Период Святополк-Мирского, который был открыт при примирительных звуках труб и закрыт при свисте нагаек, в своем конечном результате поднял ненависть к абсолютизму во всех сколько-нибудь сознательных элементах населения до небывалой высоты. Политические интересы стали более оформленными, недовольство глубже и принципиальнее. Вчера еще первобытная, мысль сегодня уже жадно набрасывается на работу политического анализа. Все явления зла и произвола быстро сводятся к первооснове. Революционные лозунги никого не отпугивают, – наоборот, находят тысячекратное эхо, превращаются в народные поговорки. Общественное сознание впитывает в себя, как губка – влагу, каждое слово отрицания, осуждения или проклятия по адресу абсолютизма. Ничто не проходит для него безнаказанно.
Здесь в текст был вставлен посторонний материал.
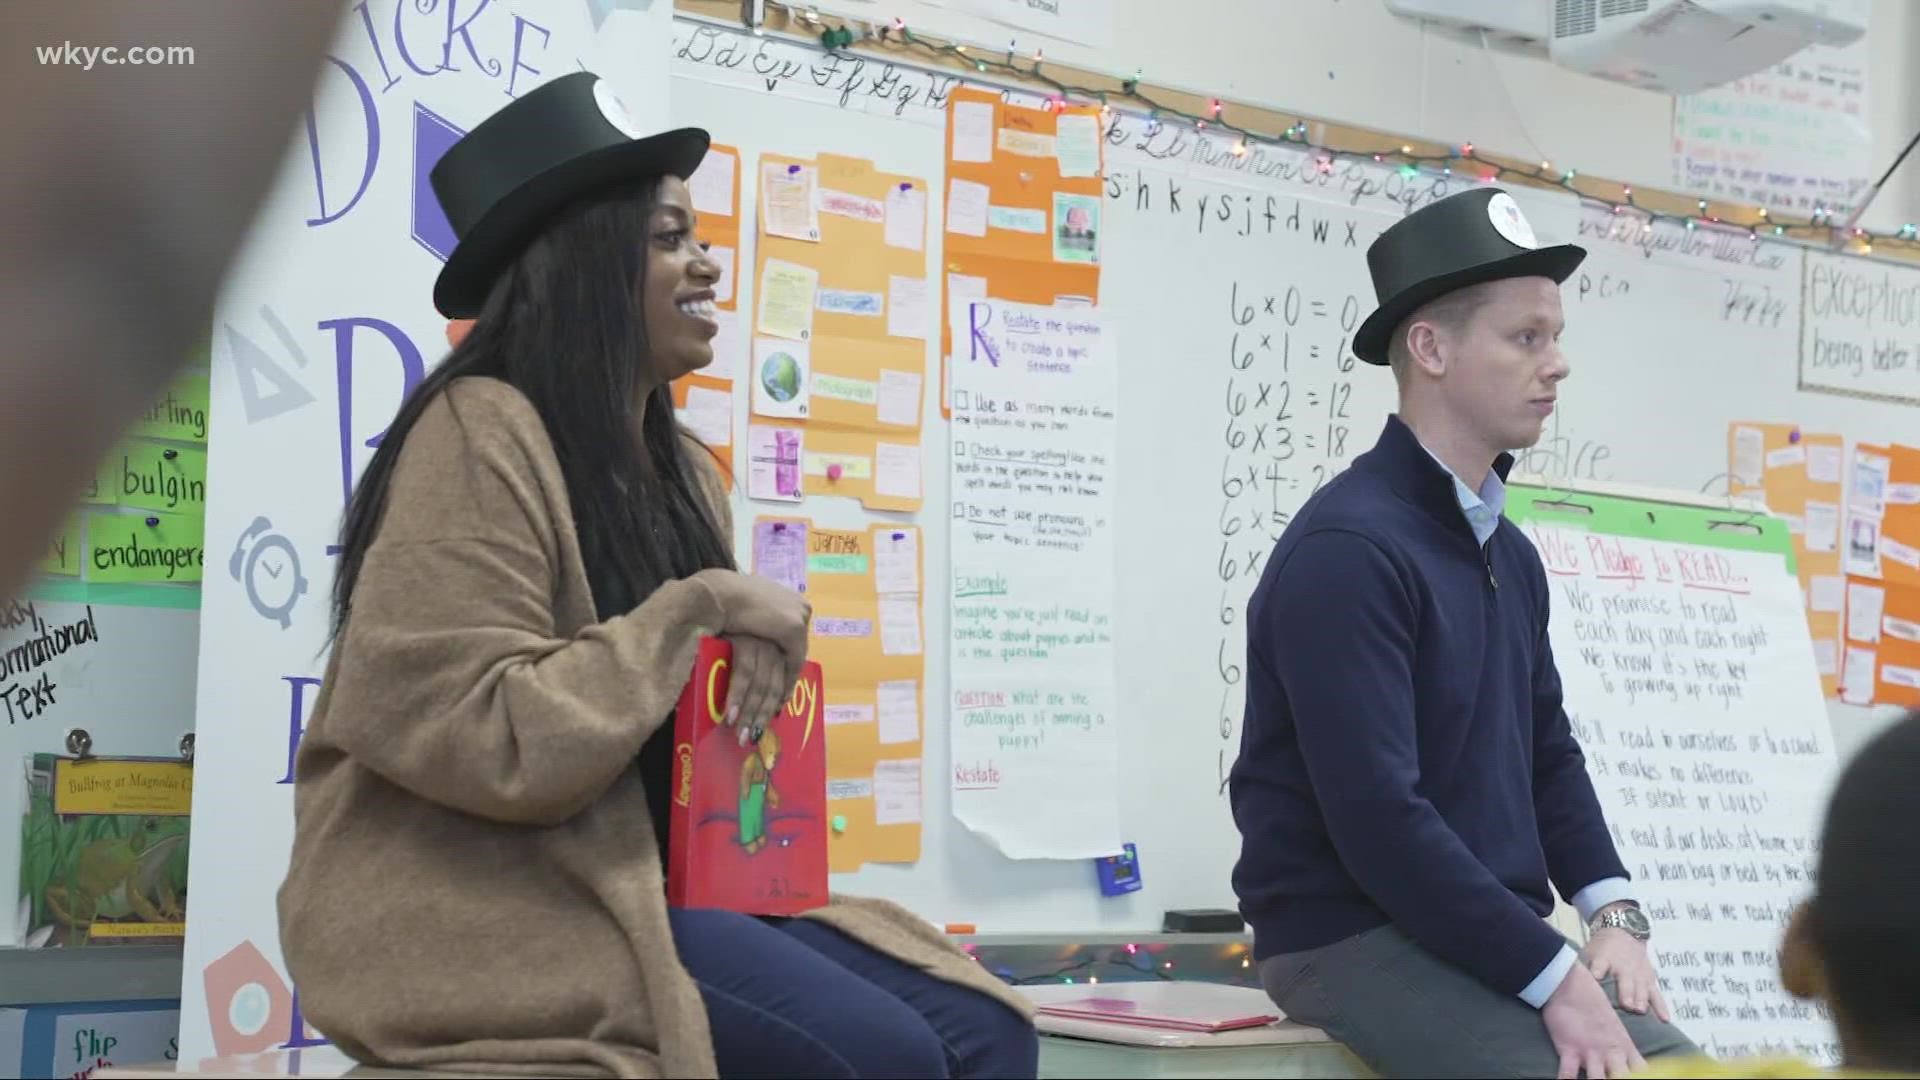 GO!'s Jasmine Monroe and Austin Love popped in to read "Corduroy" to second- and third-graders at Dickens School in Cleveland

Каждый неловкий шаг ставится ему в счет. Его заигрывания встречают насмешку. Его угрозы рождают ненависть. Правда, министерство князя Святополка оказало значительные послабления прессе; но объем ее интересов вырос гораздо больше, чем снисходительность Главного Управления по делам печати. То же самое во всех других областях: полусвобода из милости раздражала не меньше, чем полное рабство. Такова общая судьба уступок в революционную эпоху: они не удовлетворяют, но лишь возбуждают требовательность. Эта повышенная требовательность сказывалась в печати, в собраниях, на съездах и в свою очередь раздражала власть, которая быстро теряла свое «доверие» и искала помощи в репрессиях. Собрания и съезды распускались, на печать сыпался град ударов, демонстрации разгонялись с зверской беспощадностью. Наконец, как бы для того чтобы помочь обывателю окончательно определить удельный вес указа 12 декабря, князь Святополк издал 31 декабря циркуляр, в котором выяснял, что возвещенный либеральным указом пересмотр положения о крестьянах должен производиться на основе проекта Плеве. Это был последний правительственный акт 1904 года. 1905 год открылся событиями, которые положили роковую грань между прошлым и настоящим. Они подвели кровавую черту под эпохой весны, периодом детства политического сознания. Князь Святополк, его доброта, его планы, его доверие, его циркуляры – все было отброшено и забыто.
Стрелецкий голова.
Великий государь, Народа мы не можем удержать, – Врываются насильно, голосят: «Хотим царю Борису поклониться, Царя Бориса видеть».
Борис.
Настежь двери: Между народом русским и царем Преграды нет.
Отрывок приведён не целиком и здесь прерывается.